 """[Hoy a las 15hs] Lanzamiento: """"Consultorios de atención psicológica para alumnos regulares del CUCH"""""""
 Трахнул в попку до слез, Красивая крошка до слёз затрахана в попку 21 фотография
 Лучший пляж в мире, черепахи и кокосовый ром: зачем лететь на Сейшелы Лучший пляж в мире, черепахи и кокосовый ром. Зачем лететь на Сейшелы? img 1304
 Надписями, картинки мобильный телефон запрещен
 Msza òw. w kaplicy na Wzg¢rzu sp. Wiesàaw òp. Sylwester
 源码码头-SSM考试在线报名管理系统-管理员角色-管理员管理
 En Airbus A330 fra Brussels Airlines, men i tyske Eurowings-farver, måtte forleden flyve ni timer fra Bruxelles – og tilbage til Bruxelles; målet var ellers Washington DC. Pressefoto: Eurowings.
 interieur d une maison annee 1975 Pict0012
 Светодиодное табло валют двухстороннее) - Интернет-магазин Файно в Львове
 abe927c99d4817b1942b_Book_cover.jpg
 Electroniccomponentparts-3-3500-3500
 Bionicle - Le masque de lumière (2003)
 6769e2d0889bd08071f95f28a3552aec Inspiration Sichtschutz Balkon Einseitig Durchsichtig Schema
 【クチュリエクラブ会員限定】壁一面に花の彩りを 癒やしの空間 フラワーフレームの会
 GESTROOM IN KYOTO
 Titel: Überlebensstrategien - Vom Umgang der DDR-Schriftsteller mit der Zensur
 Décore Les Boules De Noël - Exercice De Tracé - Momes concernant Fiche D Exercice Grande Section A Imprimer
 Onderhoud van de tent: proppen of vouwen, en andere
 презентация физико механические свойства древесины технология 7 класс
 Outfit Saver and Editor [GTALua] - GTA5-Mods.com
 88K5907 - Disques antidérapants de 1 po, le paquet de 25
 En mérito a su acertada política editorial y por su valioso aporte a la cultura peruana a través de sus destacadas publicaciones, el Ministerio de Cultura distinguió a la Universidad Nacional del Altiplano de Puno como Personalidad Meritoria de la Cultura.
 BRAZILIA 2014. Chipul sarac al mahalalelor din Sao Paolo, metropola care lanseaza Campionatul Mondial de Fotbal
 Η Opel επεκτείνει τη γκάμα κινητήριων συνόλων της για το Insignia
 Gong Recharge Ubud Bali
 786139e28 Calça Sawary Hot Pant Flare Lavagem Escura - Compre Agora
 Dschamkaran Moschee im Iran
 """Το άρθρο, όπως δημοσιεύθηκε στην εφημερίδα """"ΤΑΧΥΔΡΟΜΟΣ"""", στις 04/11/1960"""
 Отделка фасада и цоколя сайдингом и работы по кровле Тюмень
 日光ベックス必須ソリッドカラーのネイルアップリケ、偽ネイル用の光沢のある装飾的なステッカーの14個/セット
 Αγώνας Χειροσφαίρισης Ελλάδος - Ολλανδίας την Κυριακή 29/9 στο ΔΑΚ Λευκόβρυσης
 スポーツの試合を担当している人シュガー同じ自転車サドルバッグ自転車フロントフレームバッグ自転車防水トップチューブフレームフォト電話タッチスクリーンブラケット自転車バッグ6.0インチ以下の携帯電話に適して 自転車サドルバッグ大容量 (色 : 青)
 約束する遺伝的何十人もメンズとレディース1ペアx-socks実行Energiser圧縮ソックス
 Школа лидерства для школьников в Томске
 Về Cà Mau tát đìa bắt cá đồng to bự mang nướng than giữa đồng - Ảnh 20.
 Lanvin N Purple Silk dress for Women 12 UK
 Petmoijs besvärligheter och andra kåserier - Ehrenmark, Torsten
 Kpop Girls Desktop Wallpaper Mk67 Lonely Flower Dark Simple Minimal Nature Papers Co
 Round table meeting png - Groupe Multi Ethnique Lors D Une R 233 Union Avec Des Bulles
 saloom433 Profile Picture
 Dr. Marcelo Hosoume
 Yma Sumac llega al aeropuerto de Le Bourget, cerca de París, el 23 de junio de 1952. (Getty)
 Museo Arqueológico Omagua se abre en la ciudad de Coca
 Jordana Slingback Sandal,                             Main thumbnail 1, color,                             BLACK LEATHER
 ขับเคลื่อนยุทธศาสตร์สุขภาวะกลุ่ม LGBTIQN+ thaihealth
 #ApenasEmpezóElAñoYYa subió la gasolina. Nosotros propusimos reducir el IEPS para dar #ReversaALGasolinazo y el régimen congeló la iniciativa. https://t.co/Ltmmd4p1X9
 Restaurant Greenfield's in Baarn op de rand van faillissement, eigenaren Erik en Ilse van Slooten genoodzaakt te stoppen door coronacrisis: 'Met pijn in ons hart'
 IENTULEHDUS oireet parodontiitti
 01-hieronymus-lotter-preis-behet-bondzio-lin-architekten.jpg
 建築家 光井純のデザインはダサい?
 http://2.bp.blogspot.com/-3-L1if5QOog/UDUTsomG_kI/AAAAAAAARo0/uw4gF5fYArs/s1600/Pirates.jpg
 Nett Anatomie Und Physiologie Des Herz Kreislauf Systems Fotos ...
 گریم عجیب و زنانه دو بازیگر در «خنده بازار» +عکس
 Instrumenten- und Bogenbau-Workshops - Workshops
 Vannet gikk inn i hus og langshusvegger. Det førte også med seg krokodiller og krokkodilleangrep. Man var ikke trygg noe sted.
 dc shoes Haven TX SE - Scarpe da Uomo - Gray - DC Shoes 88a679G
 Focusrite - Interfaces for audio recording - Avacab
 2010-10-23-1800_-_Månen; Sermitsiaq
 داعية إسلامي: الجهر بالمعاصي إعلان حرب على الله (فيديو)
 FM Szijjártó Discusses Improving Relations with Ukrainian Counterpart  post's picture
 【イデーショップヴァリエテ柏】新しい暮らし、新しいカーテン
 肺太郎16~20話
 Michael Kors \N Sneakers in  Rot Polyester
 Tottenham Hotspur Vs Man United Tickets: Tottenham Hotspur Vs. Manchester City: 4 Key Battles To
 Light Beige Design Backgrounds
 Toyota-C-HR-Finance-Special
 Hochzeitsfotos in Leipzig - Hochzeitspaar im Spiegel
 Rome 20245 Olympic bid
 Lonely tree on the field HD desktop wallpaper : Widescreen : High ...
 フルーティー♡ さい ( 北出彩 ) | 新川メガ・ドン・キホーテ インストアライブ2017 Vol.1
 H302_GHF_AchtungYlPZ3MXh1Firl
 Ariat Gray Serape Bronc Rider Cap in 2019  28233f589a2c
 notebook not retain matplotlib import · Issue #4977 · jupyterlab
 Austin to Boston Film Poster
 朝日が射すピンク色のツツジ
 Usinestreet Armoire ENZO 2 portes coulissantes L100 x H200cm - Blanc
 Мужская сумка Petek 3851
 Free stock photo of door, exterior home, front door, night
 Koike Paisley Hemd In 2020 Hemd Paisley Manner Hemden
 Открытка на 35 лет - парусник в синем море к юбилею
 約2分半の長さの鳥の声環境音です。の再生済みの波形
⁂
Exercise:
Where a line in the records above includes the string "Lonely", show it.

Exercise output:
 Kpop Girls Desktop Wallpaper Mk67 Lonely Flower Dark Simple Minimal Nature Papers Co
 Lonely tree on the field HD desktop wallpaper : Widescreen : High ...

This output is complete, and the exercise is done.